=== Begin Enclosure ===
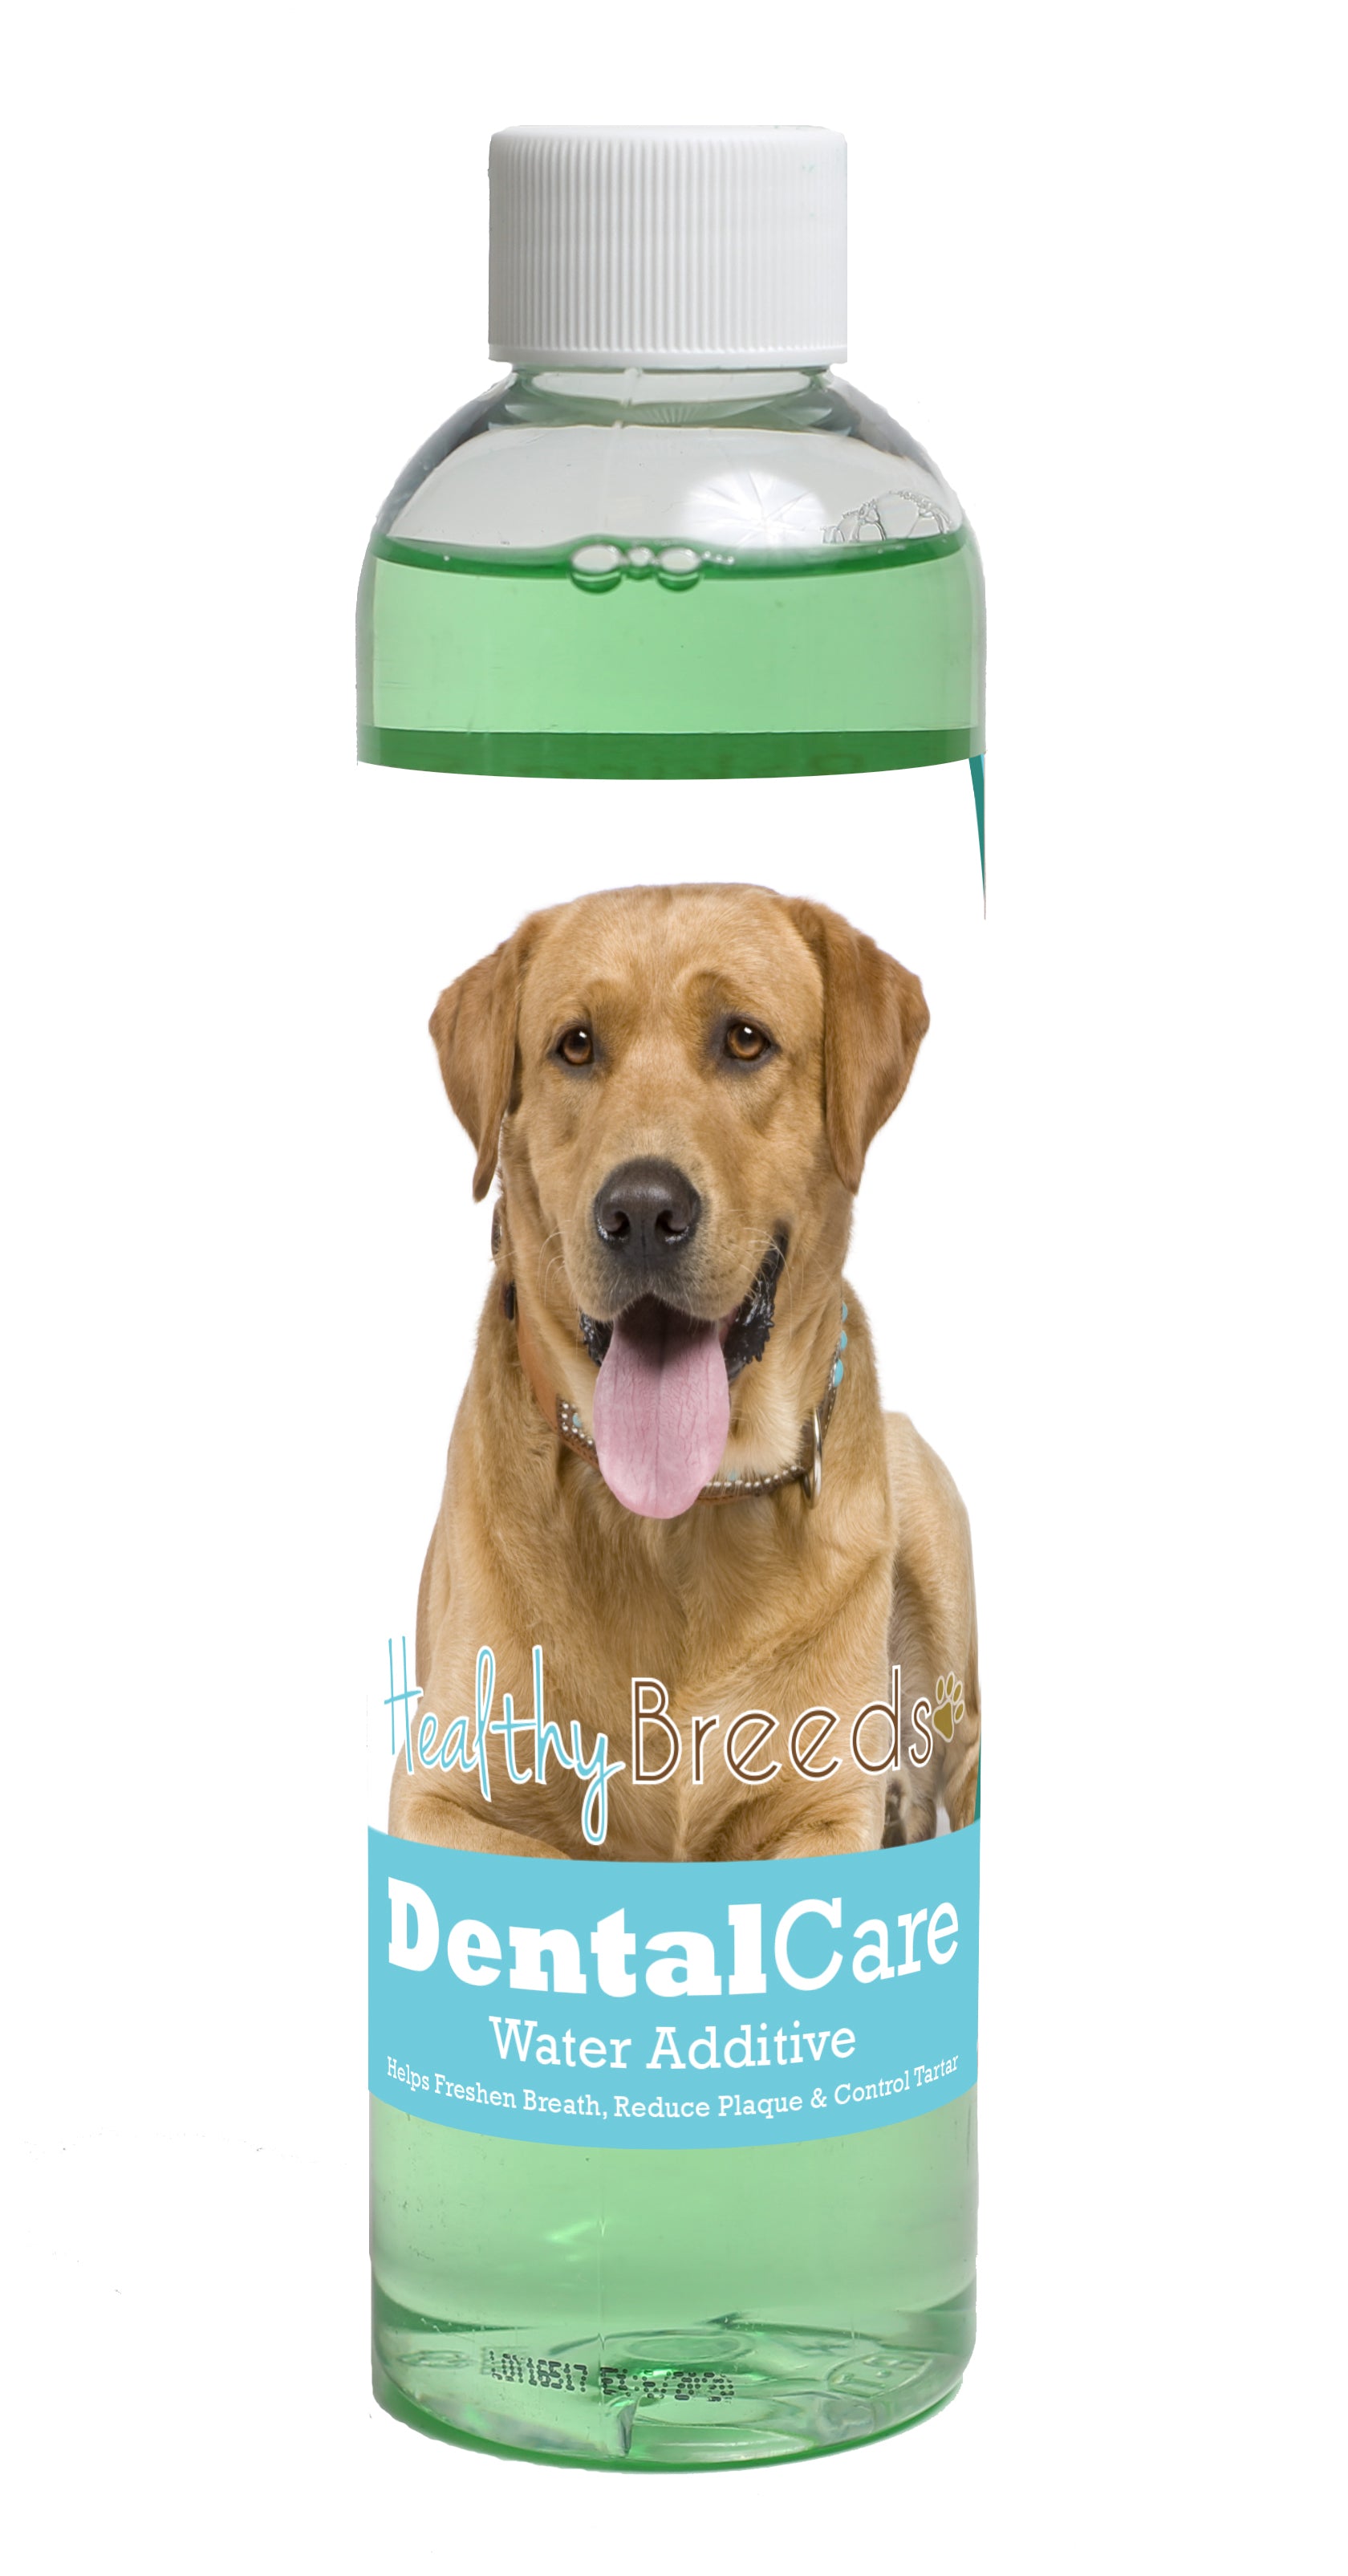 Labrador Retriever Dental Rinse for Dogs 8 oz
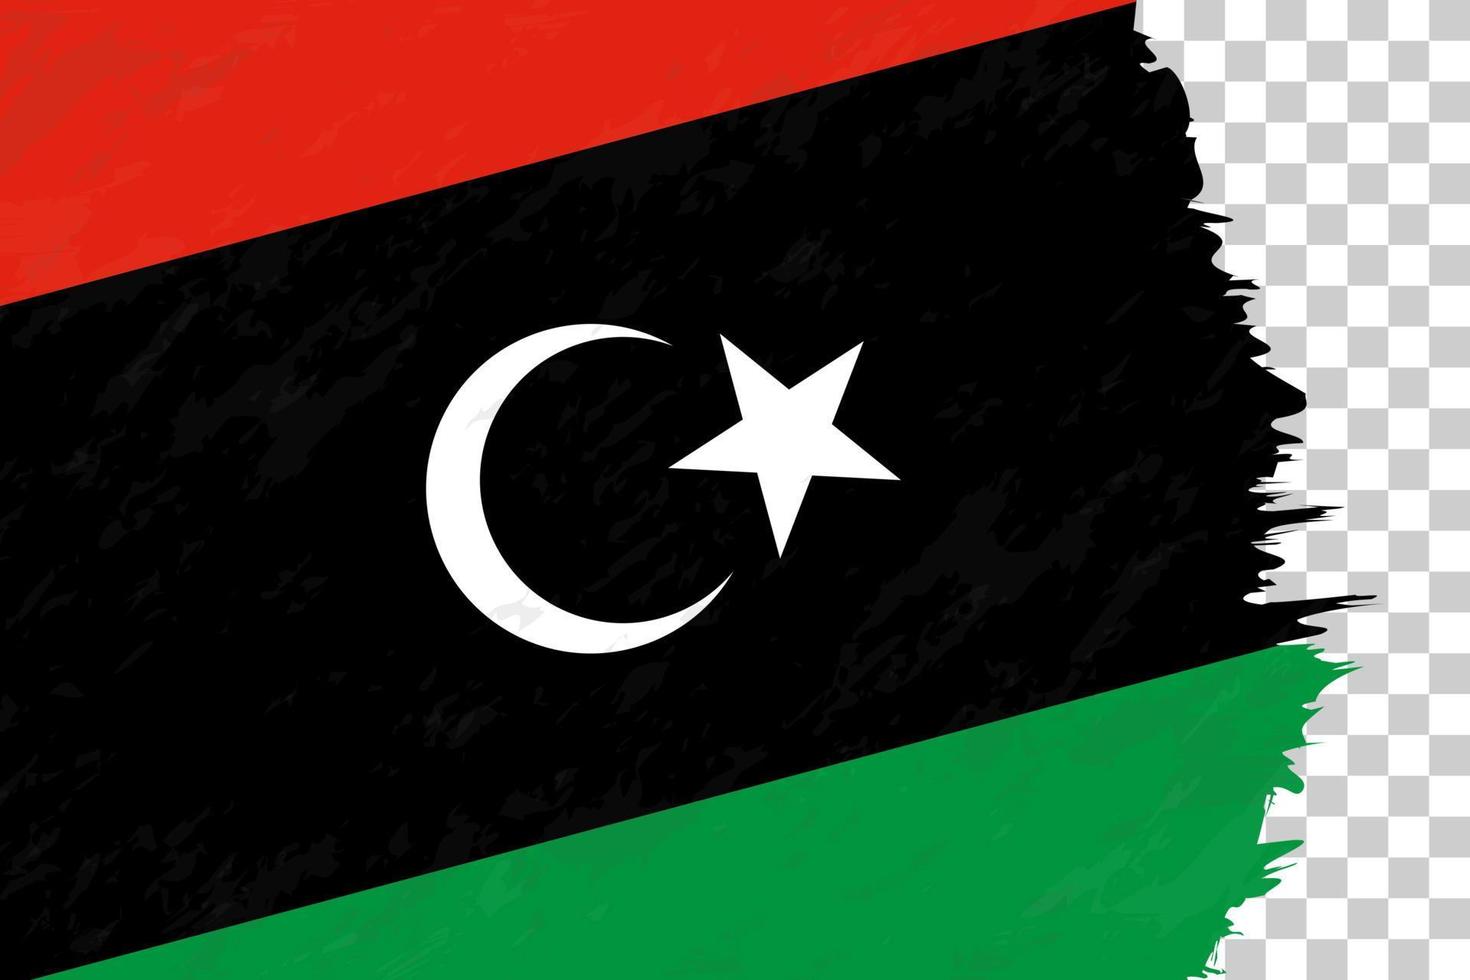 orizzontale astratto grunge spazzolato bandiera della Libia sulla griglia trasparente. vettore
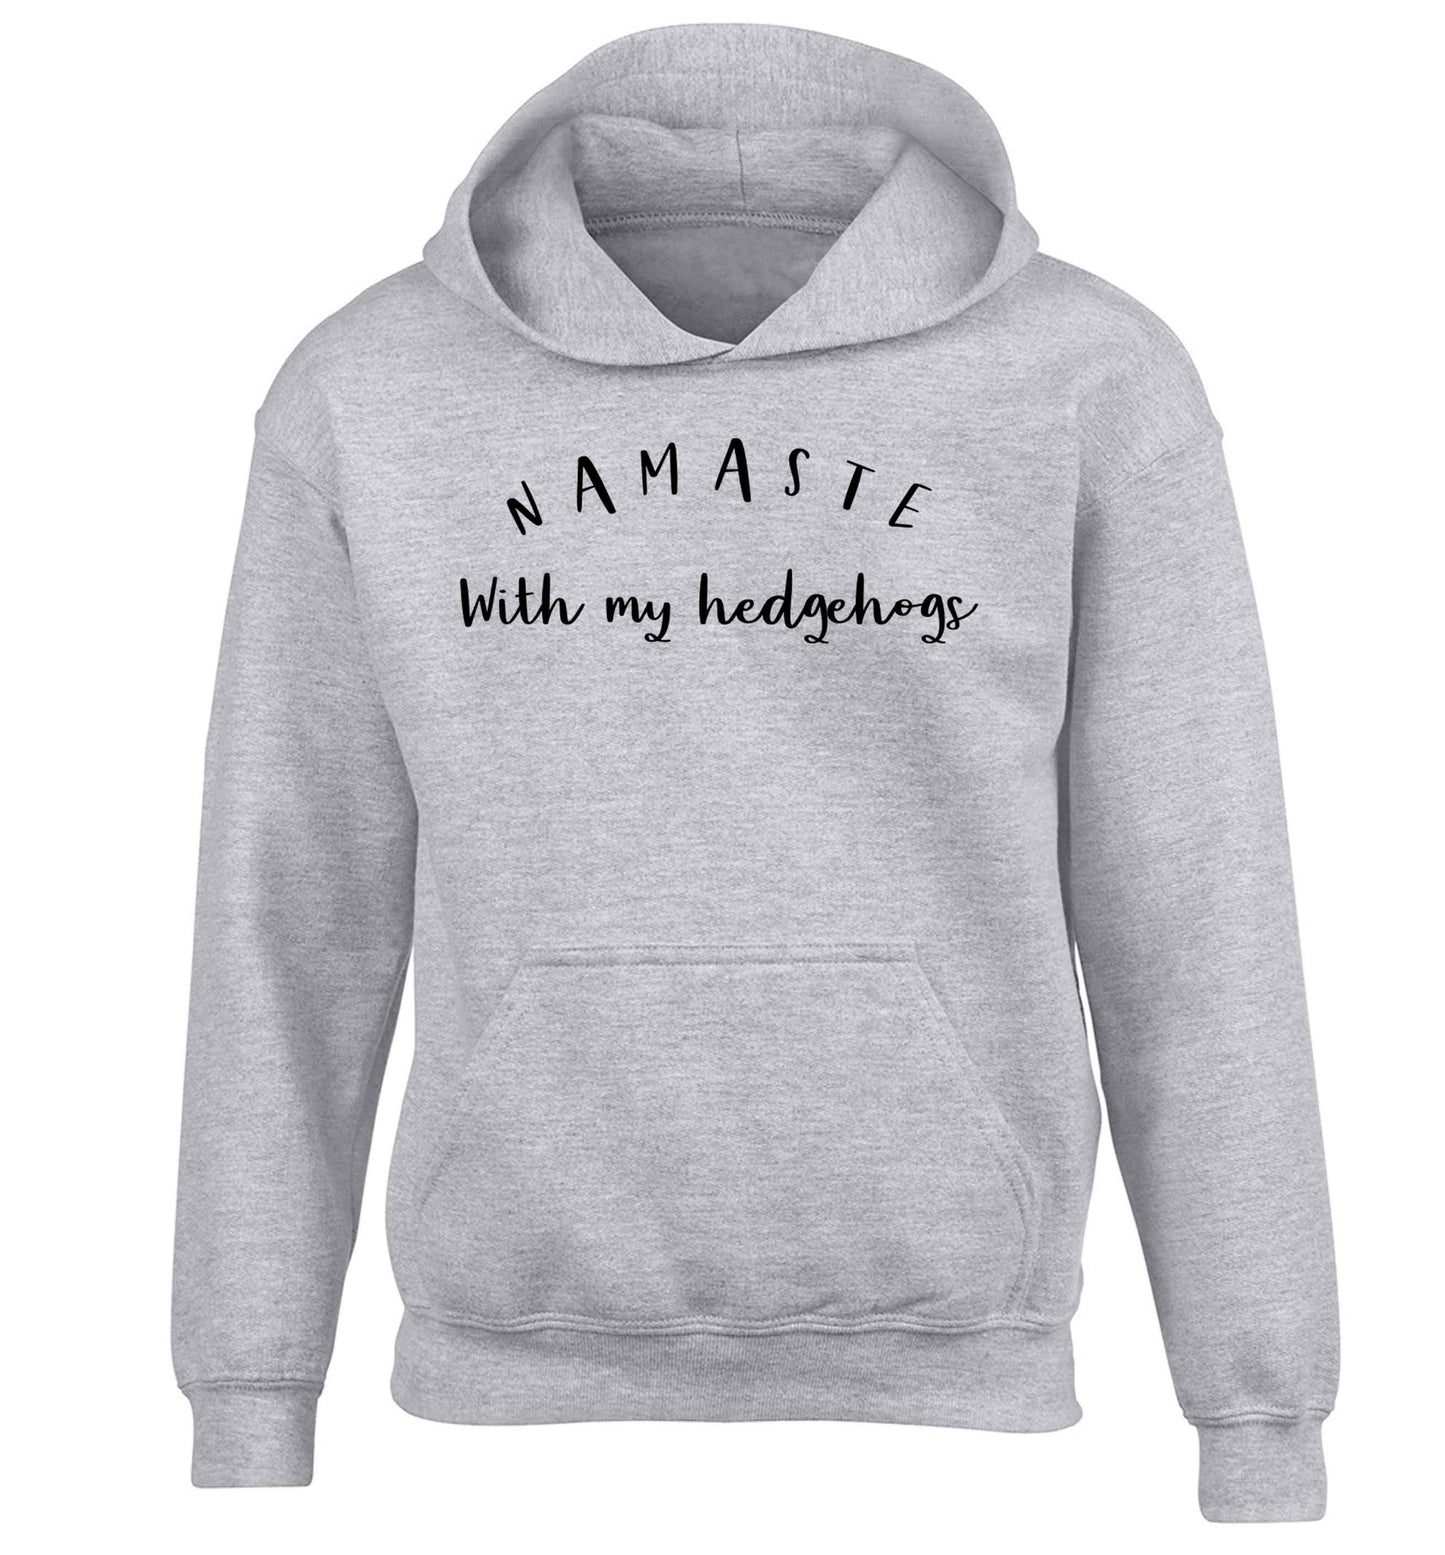 Namaste with my hedgehog children's grey hoodie 12-13 Years
=== End Enclosure ===
* **Aim of the exercise**: Your task is an exact transcription of all the data, minus the pictures.

* **Solved problem**:
 Labrador Retriever Dental Rinse for Dogs 8 oz
 orizzontale astratto grunge spazzolato bandiera della Libia sulla griglia trasparente. vettore
 Namaste with my hedgehog children's grey hoodie 12-13 Years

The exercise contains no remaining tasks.